In view of the rapidly expanding strategic importance of Indian Ocean, in recent years, there has been a growing clamour for strengthening and expanding the Indian presence in this vitally located oceanic body with a view to ensure the security of mainland India on a sustainable basis. Against this backdrop, sometime back, Avinash Chander, Director General of Defence Research and Development Organisation (DRDO) , had stressed on the need for India to put in place an effective mechanism to fully monitor IOR in a complete and three dimensional manner. To accomplish this objective, he has suggested the development and deployment of about 80-100 satellites designed for covering the IOR in a detailed manner .There are said to be 19 Chinese satellites keeping a watch over the IOR. As it is, the growing Chinese space based ocean surveillance capability with particular reference to the Indian Ocean has been a matter of concern for US strategic planners. In recent years, ocean observation space platforms have emerged as a major technological tool to keep a tab on the oceanic expanse on a sustained basis with a high degree of effectiveness.

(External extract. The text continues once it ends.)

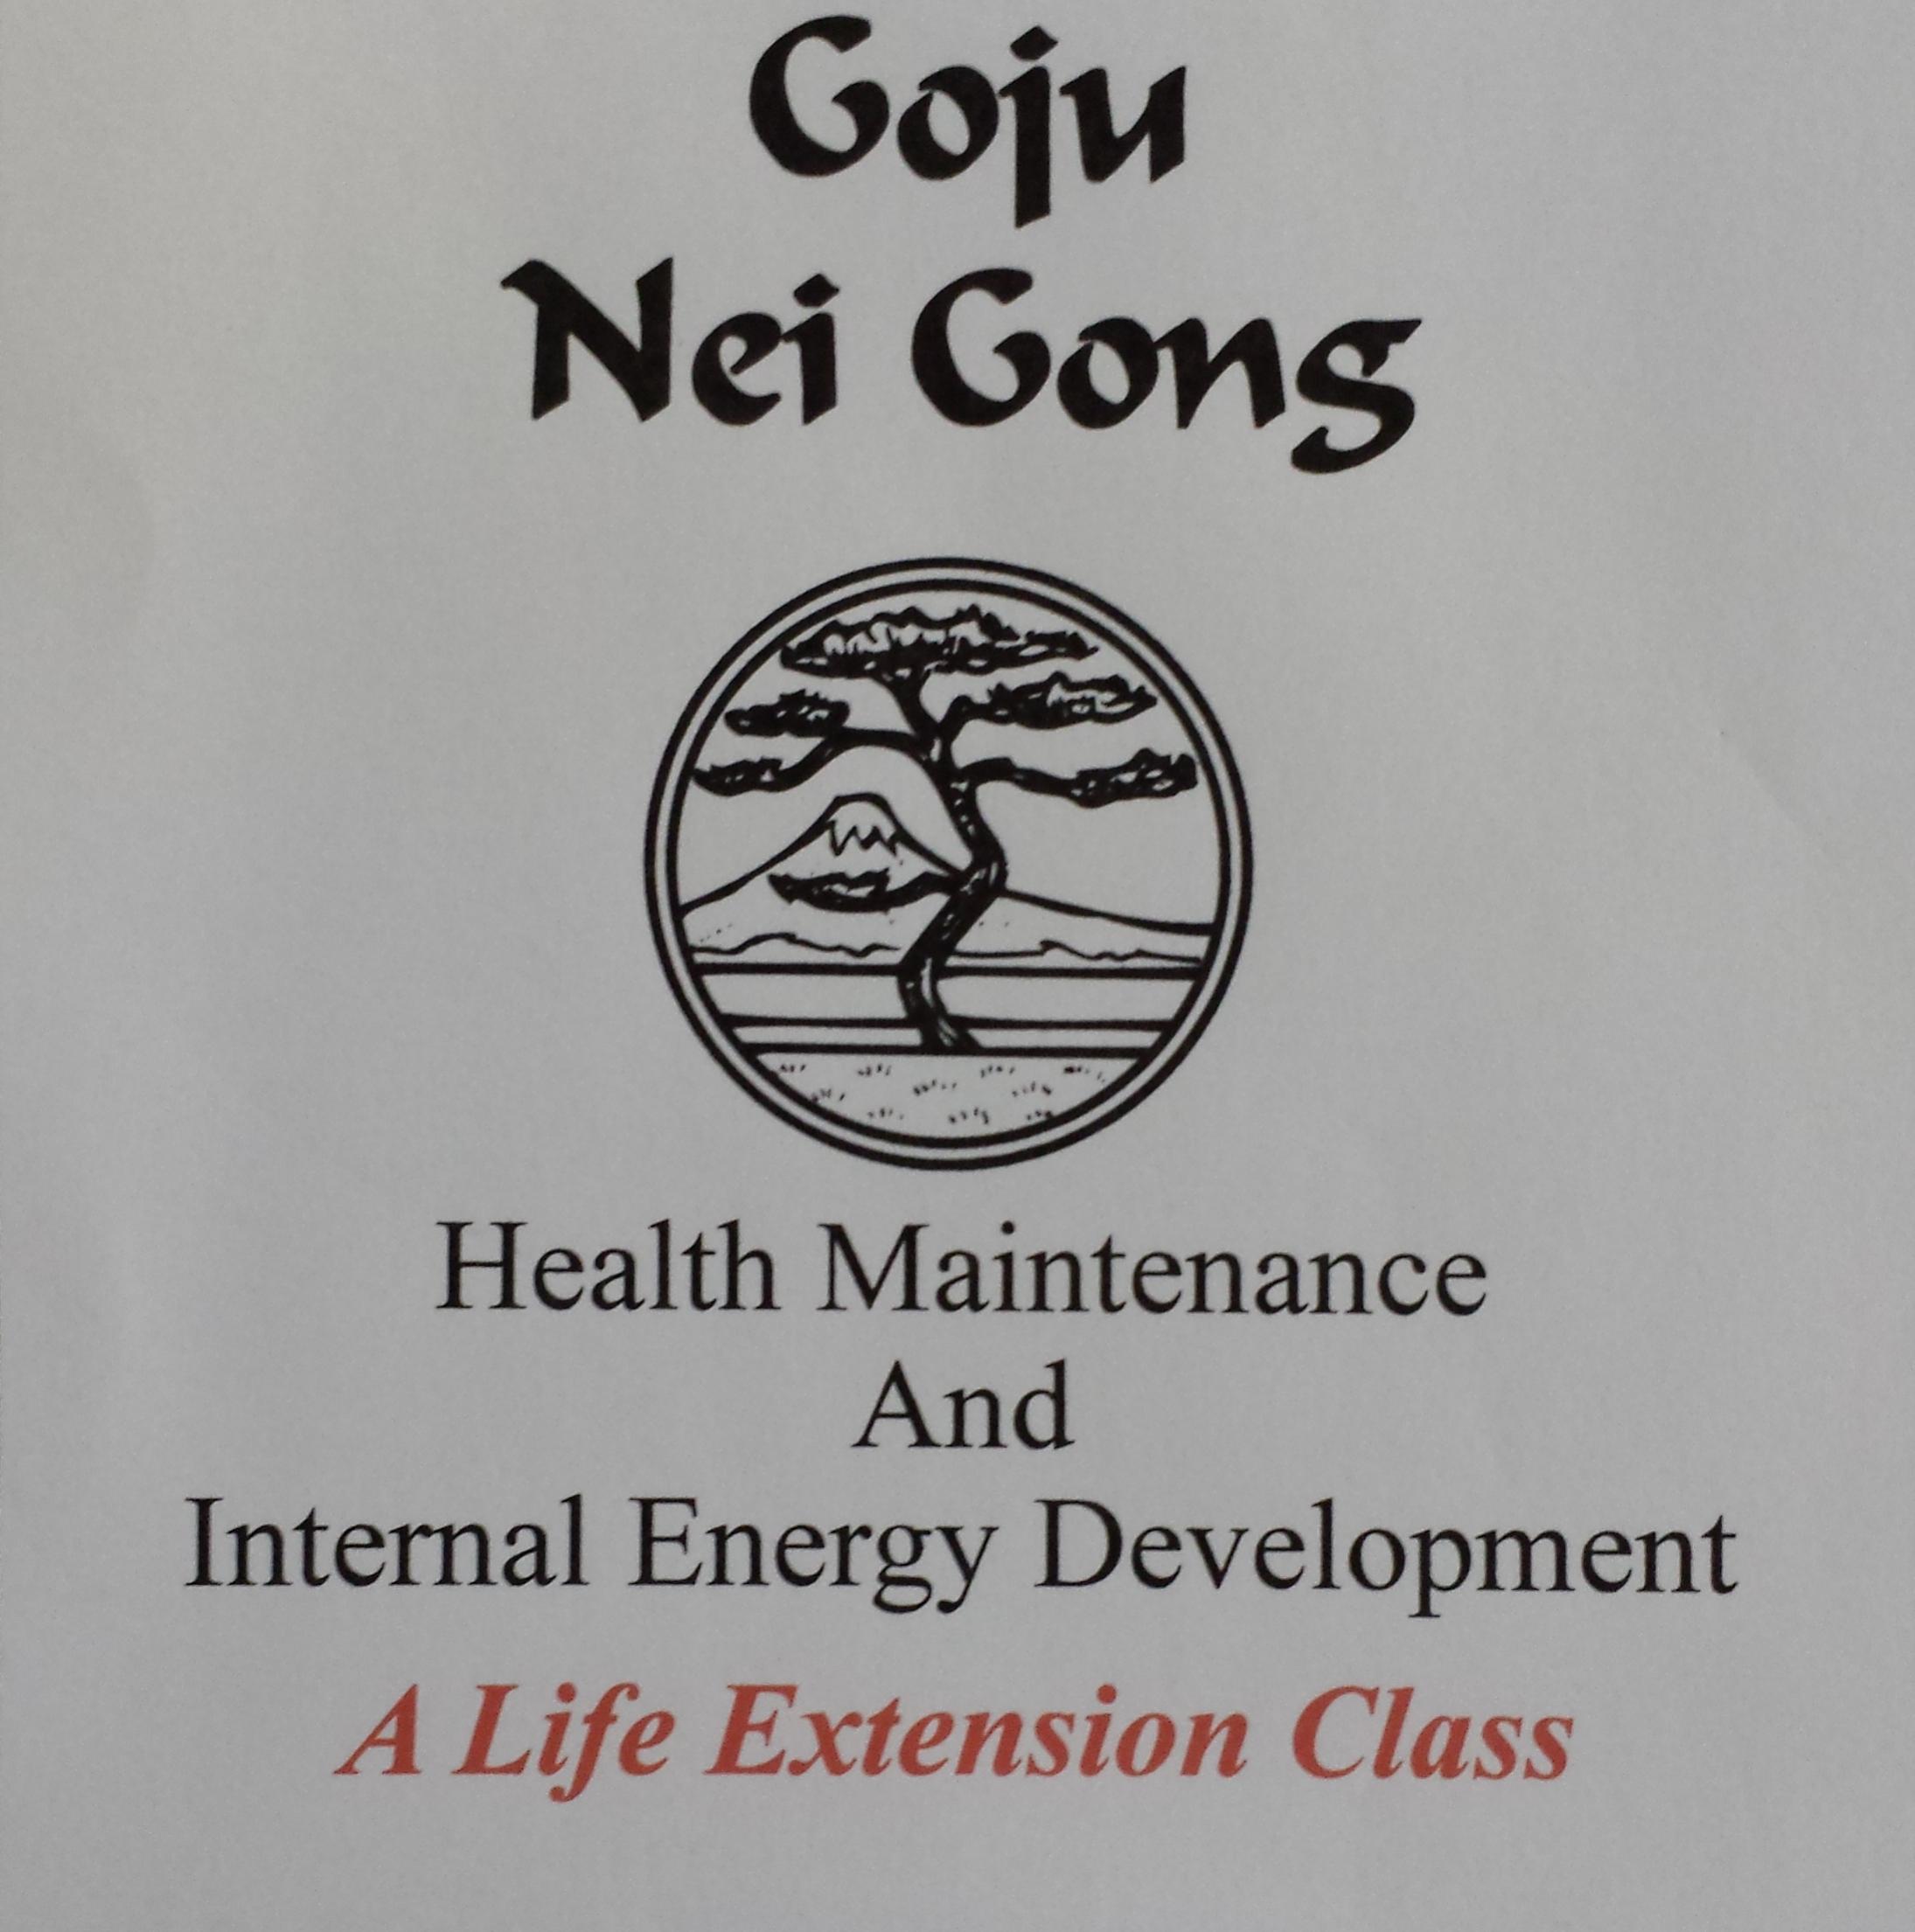 Goju New Gong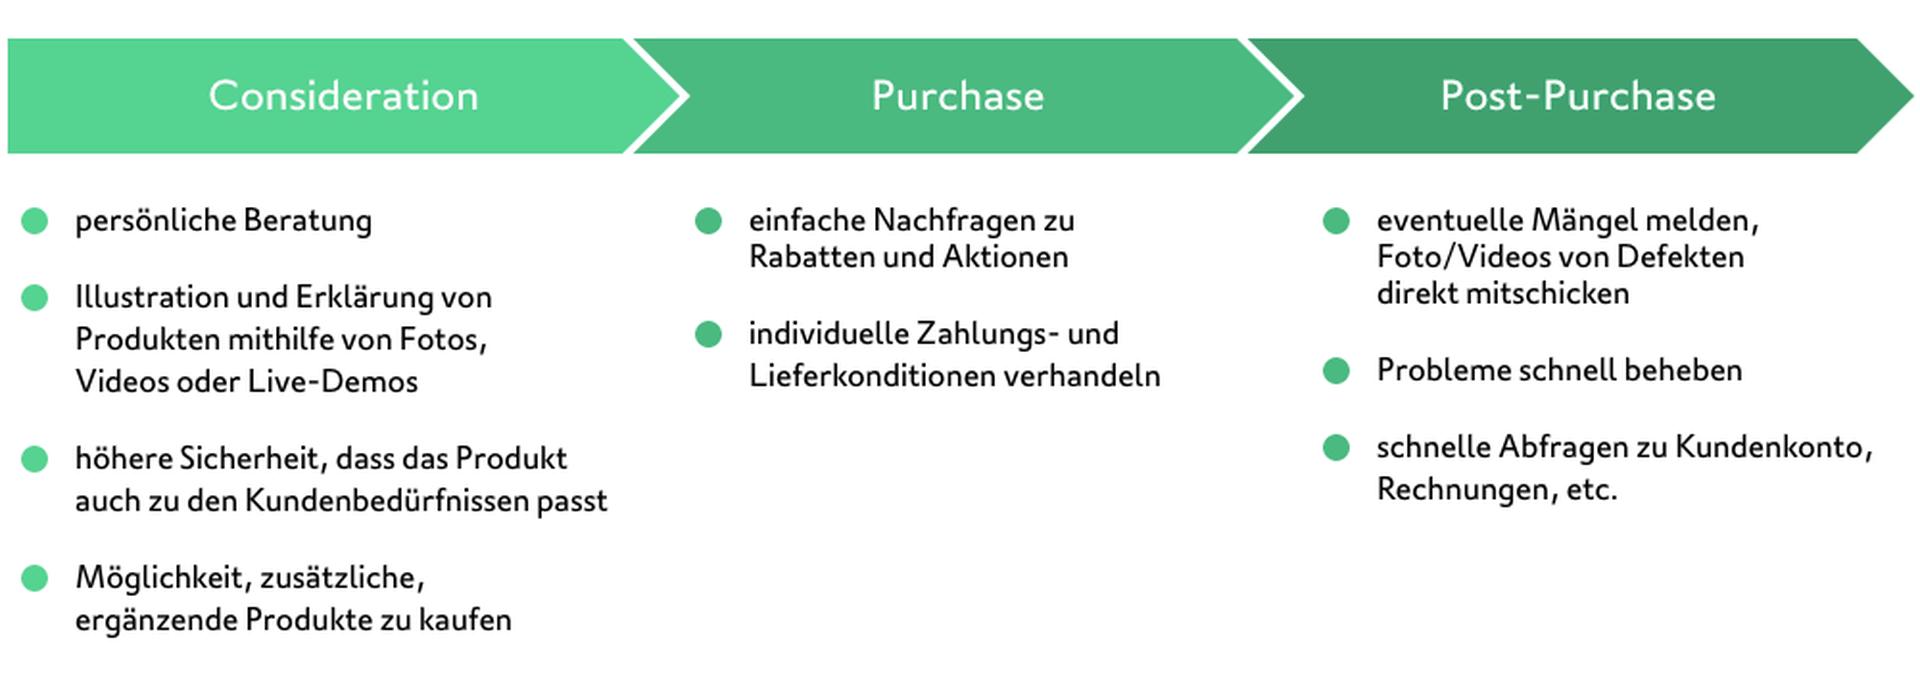 LINK Mobility - Customer Journey im Conversational Commerce

By all means, India has vital stakes in the IOR even as the geostrategic focus of the world is shifting slowly to this region through which a bulk of world’s shipping trade passes. The changing geo-political stakes in IOR in the last decade has acted as a stimulus for the littoral nations to look seawards and this presents India with a challenging opportunity to expand its influence over the countries in the IOR. Rapidly shifting geopolitical environment underpins the need for India to not only safeguard its own interests but also cater to the security needs of island nations in IOR. Clearly and apparently, India would need to boost its naval capabilities to reach out to the littoral states with a greater degree of confidence. The recent handing over of India’s home grown Advanced Light Helicopter(ALH) Dhruv to Maldives for helping this island nation carry out search and rescue operations could imply a shot in the arm for the Indian influence in IOR.
As pointed out by India’s former Foreign Secretary and currently the Indian Ambassador to USA Nirupama Rao, as the main resident power, India has a vital stake in IOR. ”We have a vital stake in the evolution of a stable, open, inclusive and balanced security and cooperation architecture in the region,” says Rao. She further observes “By definition, this would need to be a consensus based process where all the stakeholders, who have a legitimate presence in the region, make their respective contribution to the regional security”.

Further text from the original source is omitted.